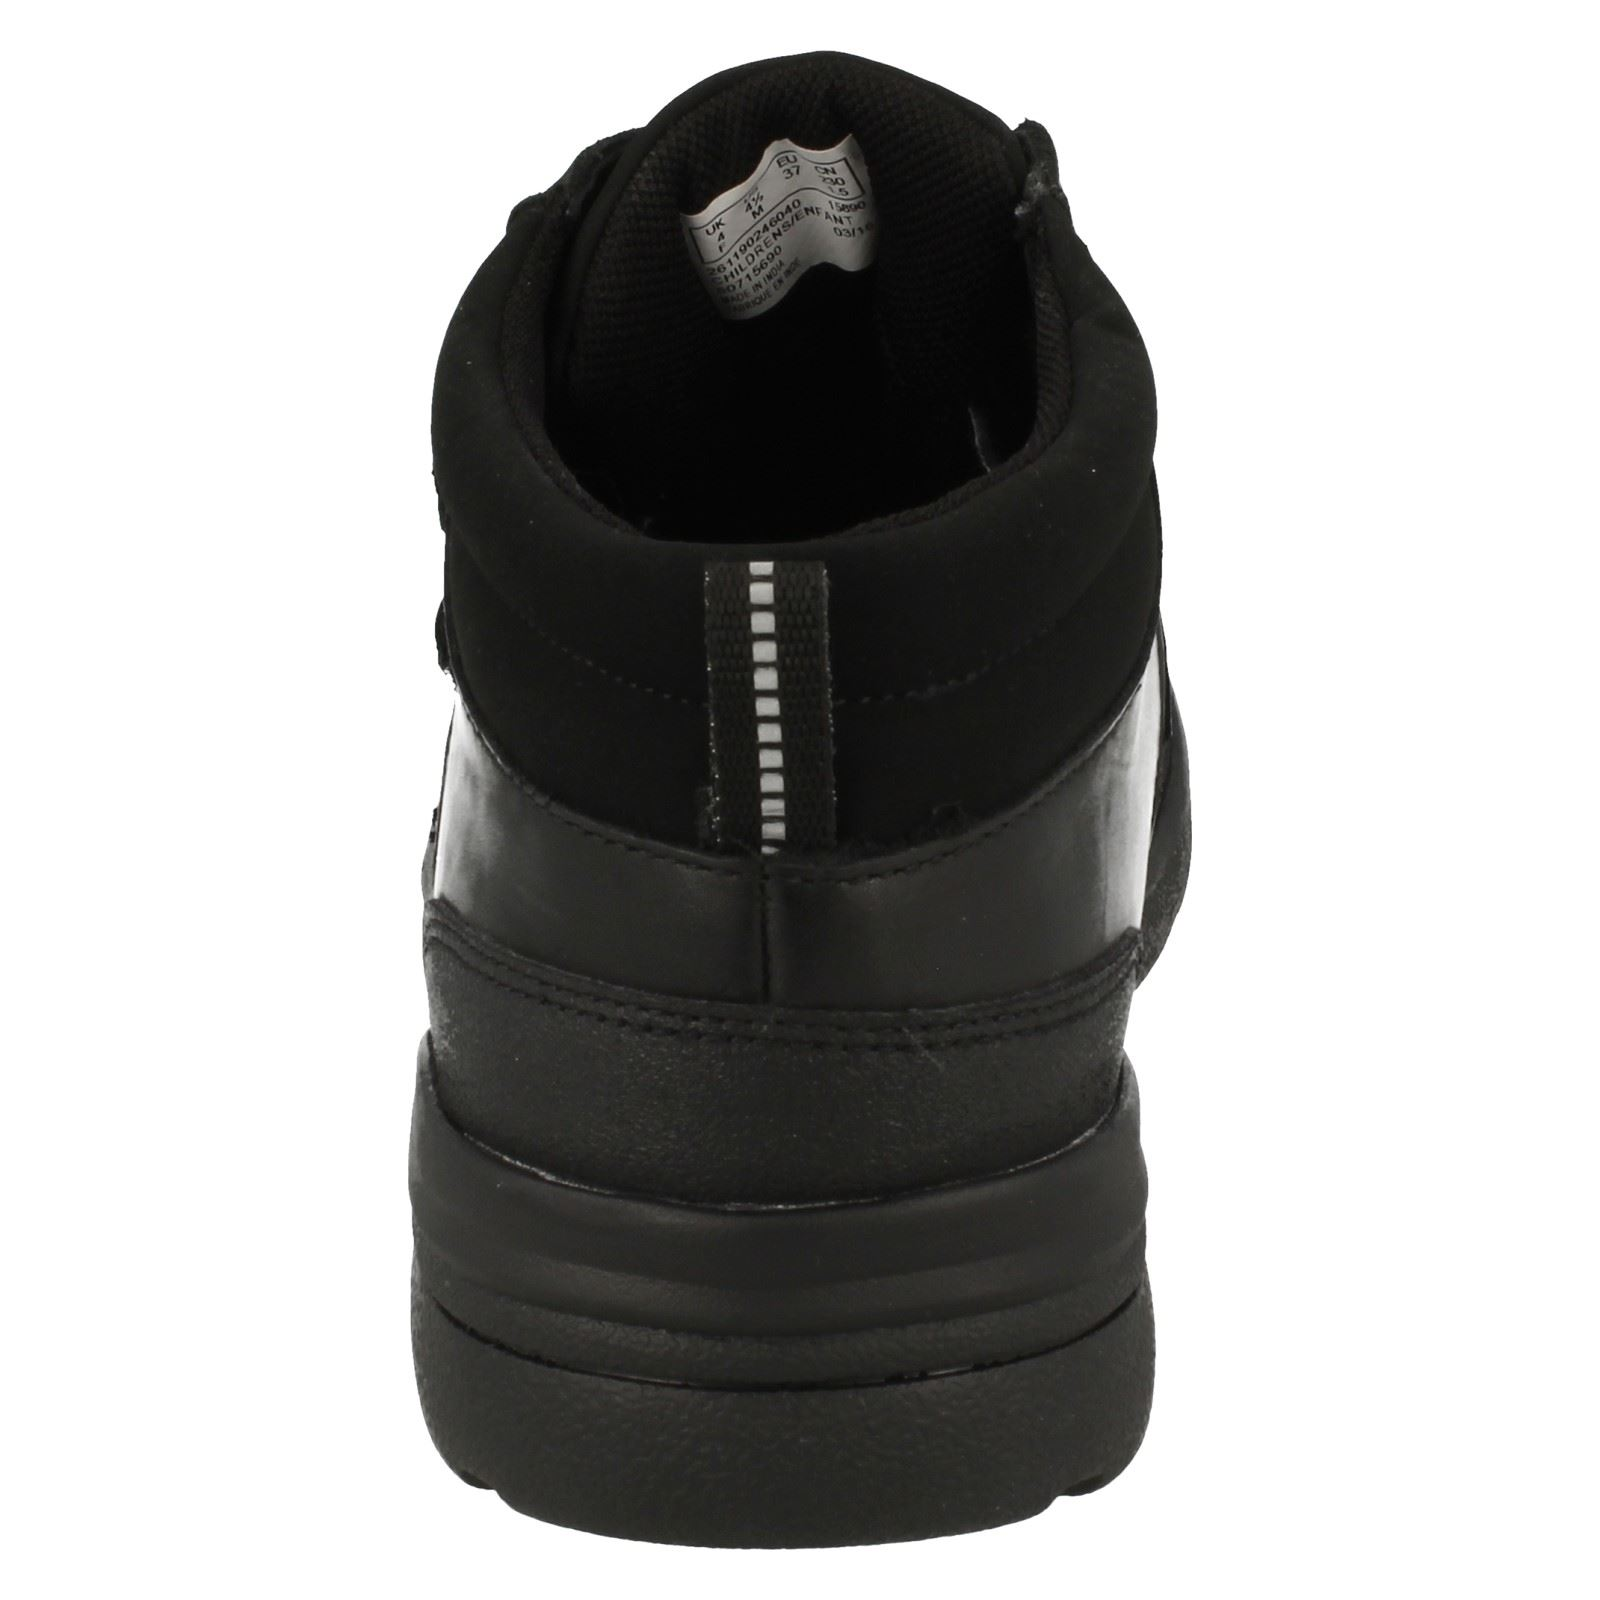 "Boys Clarks Formal Ankle Boots /""Loris Top GTX/"""
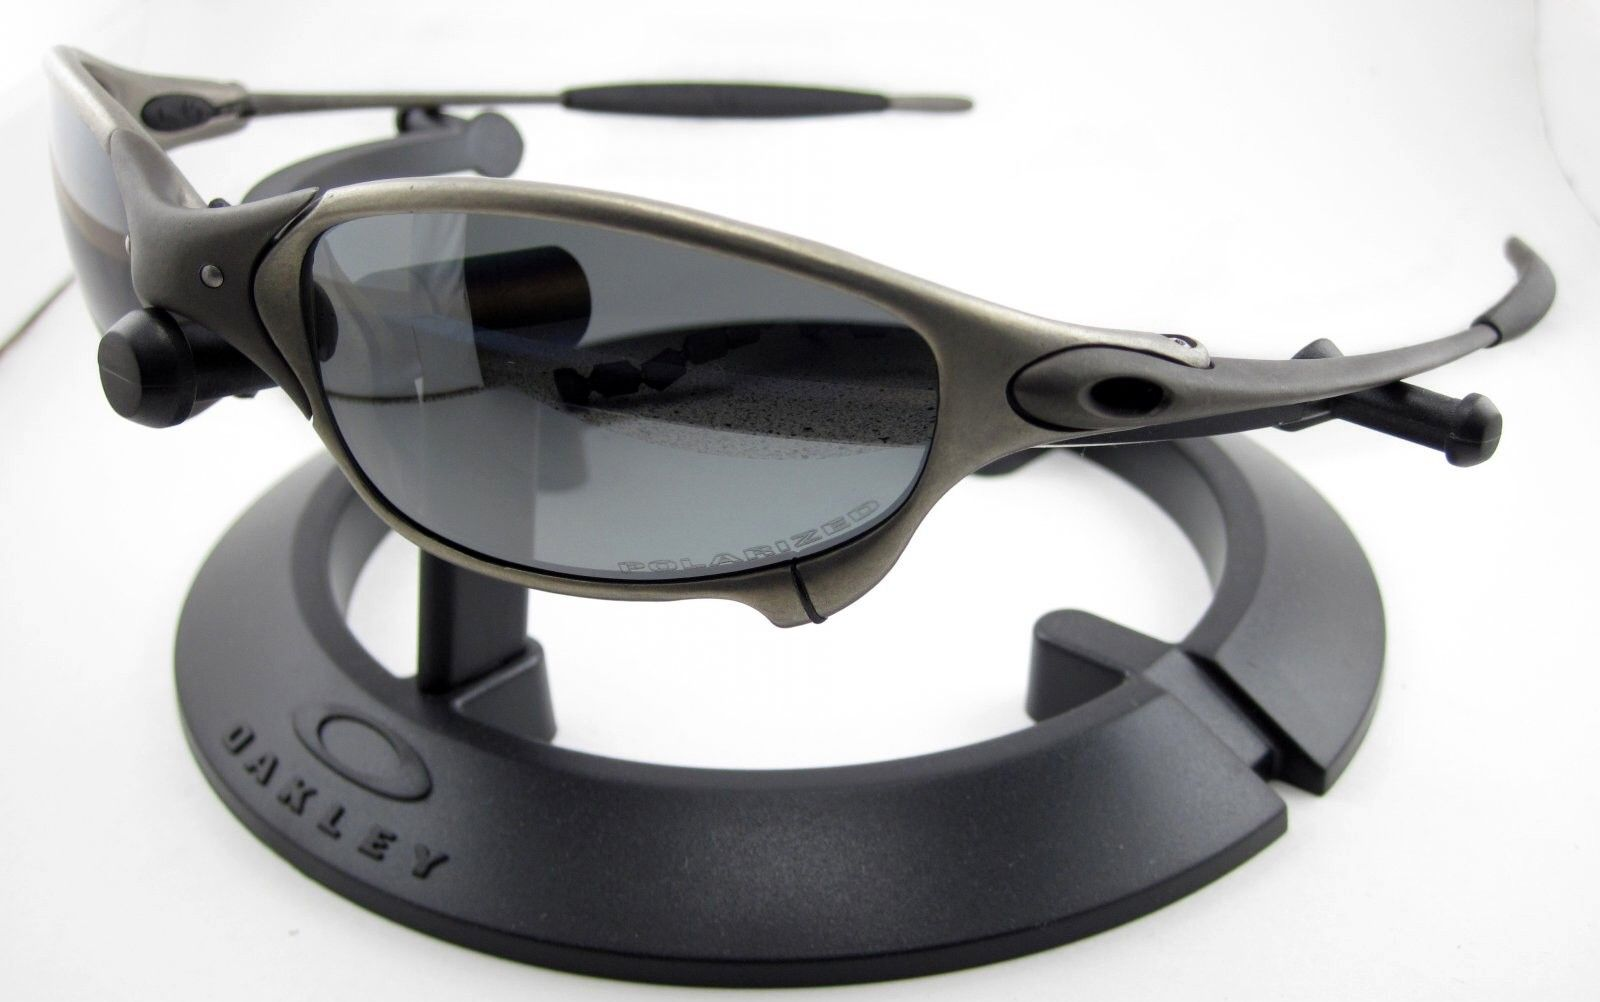 Custom Ti02 Juliet - Photo%20Aug%2008%2C%203%2006%2056%20PM.jpg
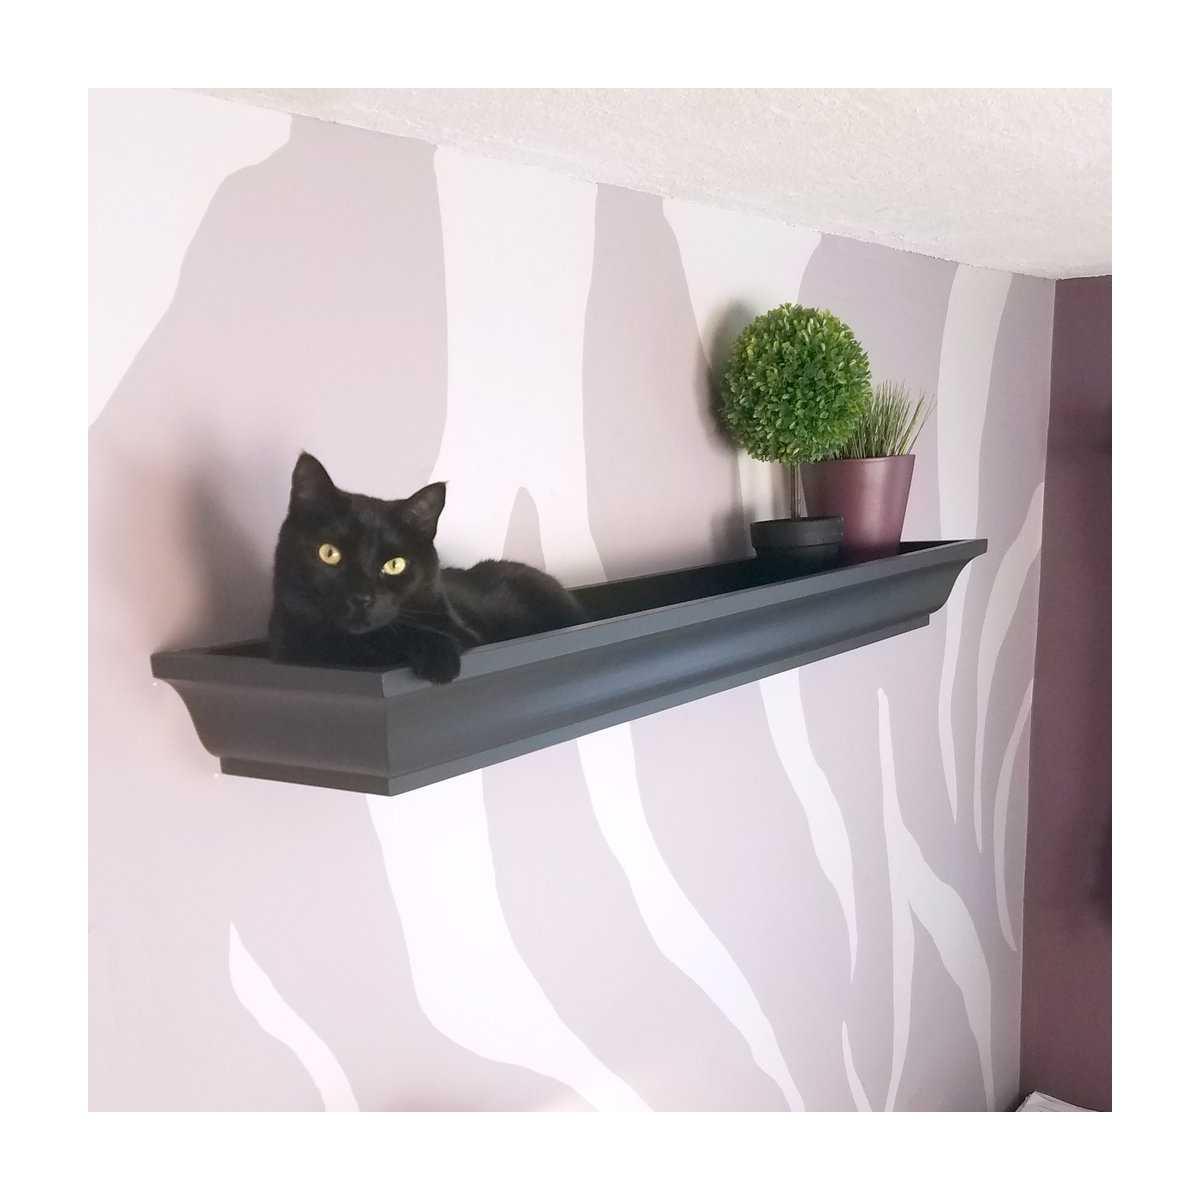 Cat Crown Wall Shelf Bed Catsplay Superstore

***

Aim of the task:
Omitting all pictures, restate word for word the lines from the one containing "Custom Ti02 Juliet" through the last line of the data.

Output:
 Custom Ti02 Juliet - Photo%20Aug%2008%2C%203%2006%2056%20PM.jpg
 Cat Crown Wall Shelf Bed Catsplay Superstore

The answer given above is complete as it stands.